Enfeitiçados pela maresia da noite, continuaríamos nesse caso nessa mesma ar de modo a arrecadar kristoff Silva, o fronte que no hall de entrada já se ilustrava utilizando seu rosto tatuado de uma moderna e inovadora barba. Troca de instrumentos. Pausa. Tudo pronto?

Em meio as vertigens propostas, a canção suspirava na defesa feminina da pequena Natália Vargas, madama da muito mais doce e grandiosa voz, um paradoxo sensorial que participava junto utilizando a bela flauta de Amanda Martins, participações de que coloriam e balançavam a barco que todos embarcavam. Caíamos de mais uma vez nas mãos Dudu, invadidos por seu estrondo de voz de que cobria toda superfície da público e nos entregava a um tapete de águas por no total seu repertório.
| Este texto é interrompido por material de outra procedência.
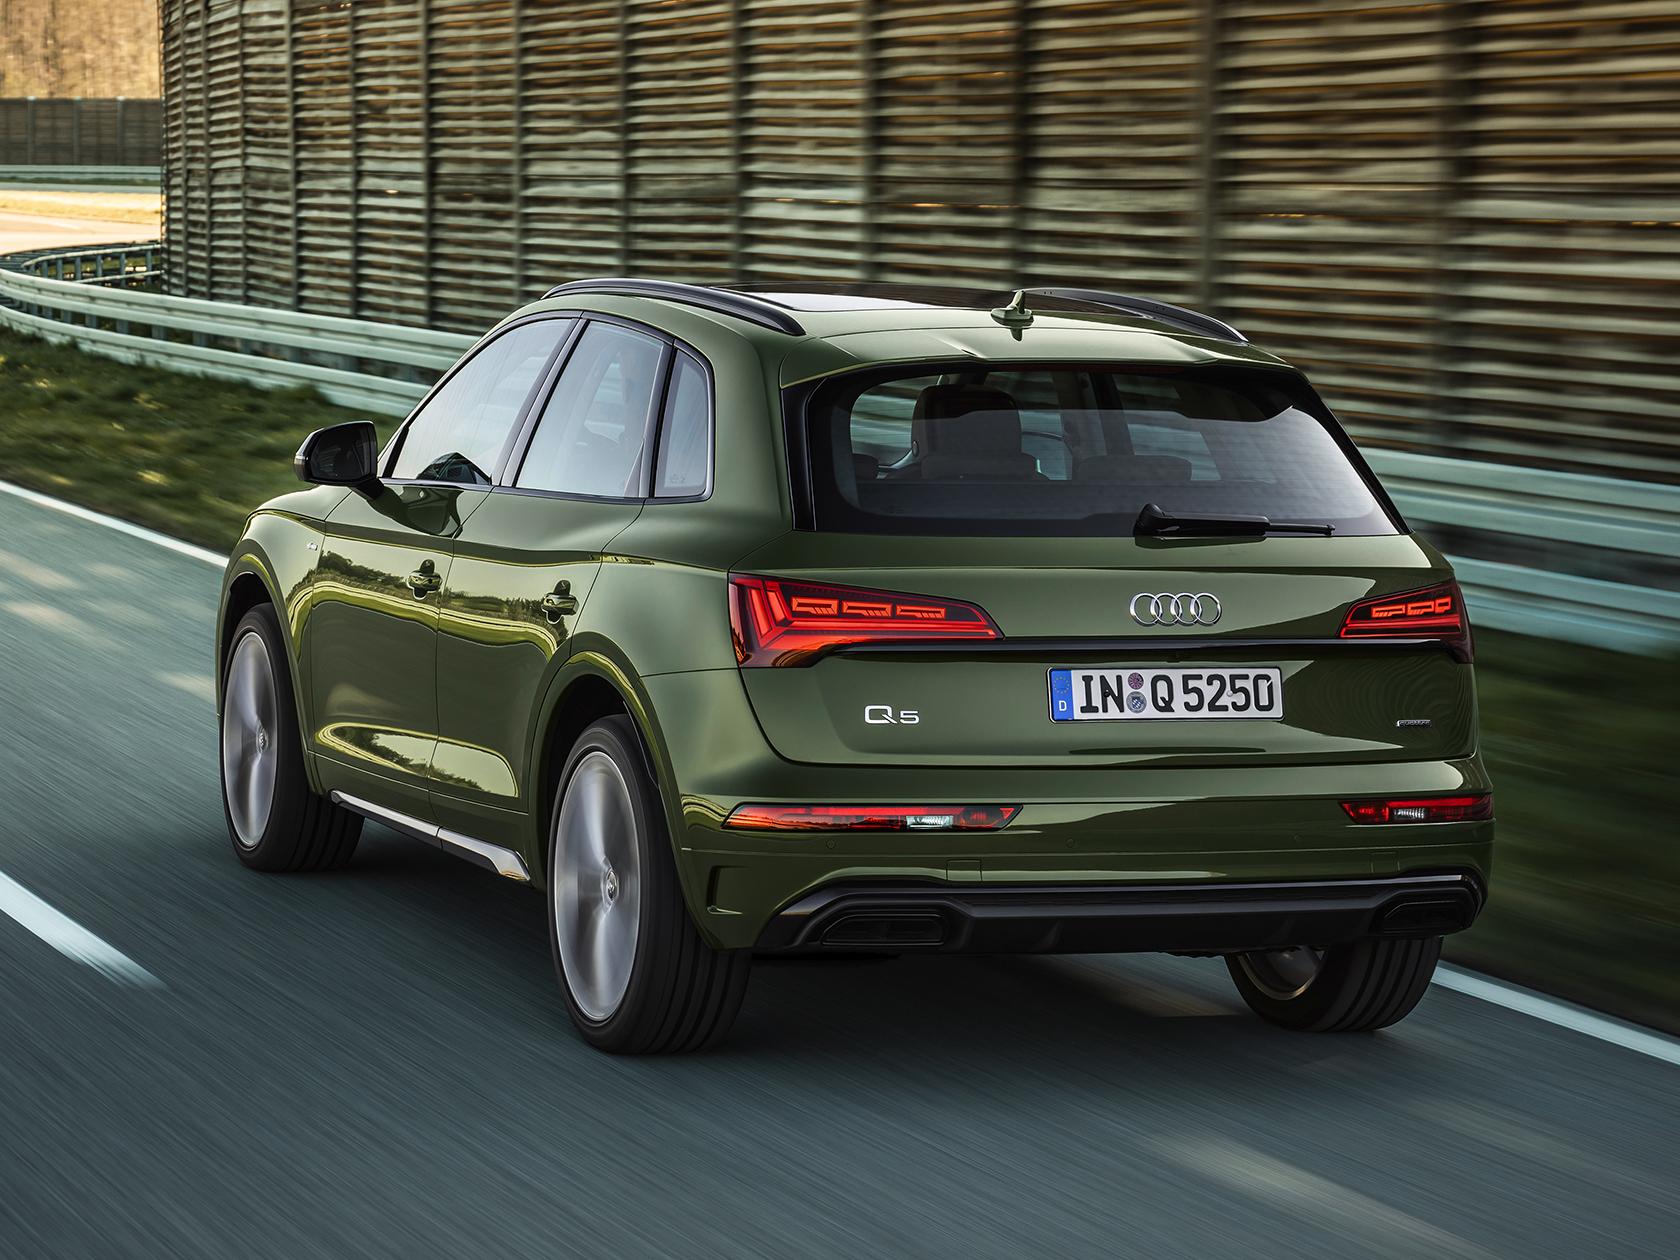 De_vernieuwde_Audi_Q5_modelfoto_8.jpg

Recomeçava então o segundo show. O show silencioso de kristoff Silva contava com os músicos com o intuito de uma apresentação por canções e poesias compostas por Kristoff entre outros tão especiais qual ali seriam citados. Toda tua obra conta usando a soma por uma tradição isento receio por ser atual. E o moderno está em comportamento, diálogo e letras em um argumento de programações eletrônicas que flertavam usando o público trazendo a trilha sonora que seguiríamos à diante.

MaKely Ka, Luiz Tatit, eram nomes por parcerias de que se interpretavam. Ná Ozetti também se fez presente quando Kristoff questionava ao público se a conhecíamos. Não apenas por conhecermos esse argumento por artistas, mas também pelo seu corpo presente que se completava a apresentação, as canções, tão particulares e de mãos natural dadas a um eletrônico incomum de se ouvir. 1 casamento sonoro onde a voz de kristoff assopra sutilmente suas teorias musicais.

Sentindo novamente o jeito de sal, volta ao palco Dudu Costa, de modo a determinar a sociedade para algum dia onde a maré oscilava por consonancia utilizando o balanço de que nos levava. Juntos cantaram os tesouros e começavam a se despedir da noite que não queria ainda terminar.

“Tom Zé veio de Irará, Rita de Americana, Belchior do Ceará, Chico é paraibano, Carega é do Paraná, Arnaldo é paulistano... ” Agora era a vez de a plateia repetir o som de “São” uma das últimas canções que fazia a parceria de todos ali presentes: público, músicos, autores, cantores e lugares.

A vontade foi de ficar em alto mar e de cor usando toda aquela presença ponderadamente carimbada de uma noite tão única. O Circuito Música da Cidade passou por muito mais um orgulho em encerrar o dia com algum colossal número de venda dos negócios ali expostos. Os álbuns de Dudu Costa e Kristoff Silva igualmente com seus DVDs saíram naquela noite com o intuito de embarcar e tocar por outros povoados, contidos em variados lares, a ser eles pertencentes a 1 enorme império ou por um natural porto.

Para fazer-se entender livre obstaculos, usariam sua elevada tecnologia. Através do Cosmos Tradutores o cantor falaria a língua-mãe de cada 1 a cada indivíduo; sob os raios de infra e ultravioleta do Poli Lux, imantariam sua aura energética que refletida neles surtiria algum poder hipnótico - um serviço similar ao mesmerismo do médico alemão Franz Anton Mesmer; e, acima de tudo, os Soni Frequentia, espécie de alto-falantes de que por meio de ondas acústicas poderiam sintonizar melhor com a emoção de cada ser humano, controlando-a a seu bel-prazer. Simultâneos, estes 3 instrumentos fariam uma varredura da “alma” de cada espectador para quais ele divulgue “a recado” entre os seus.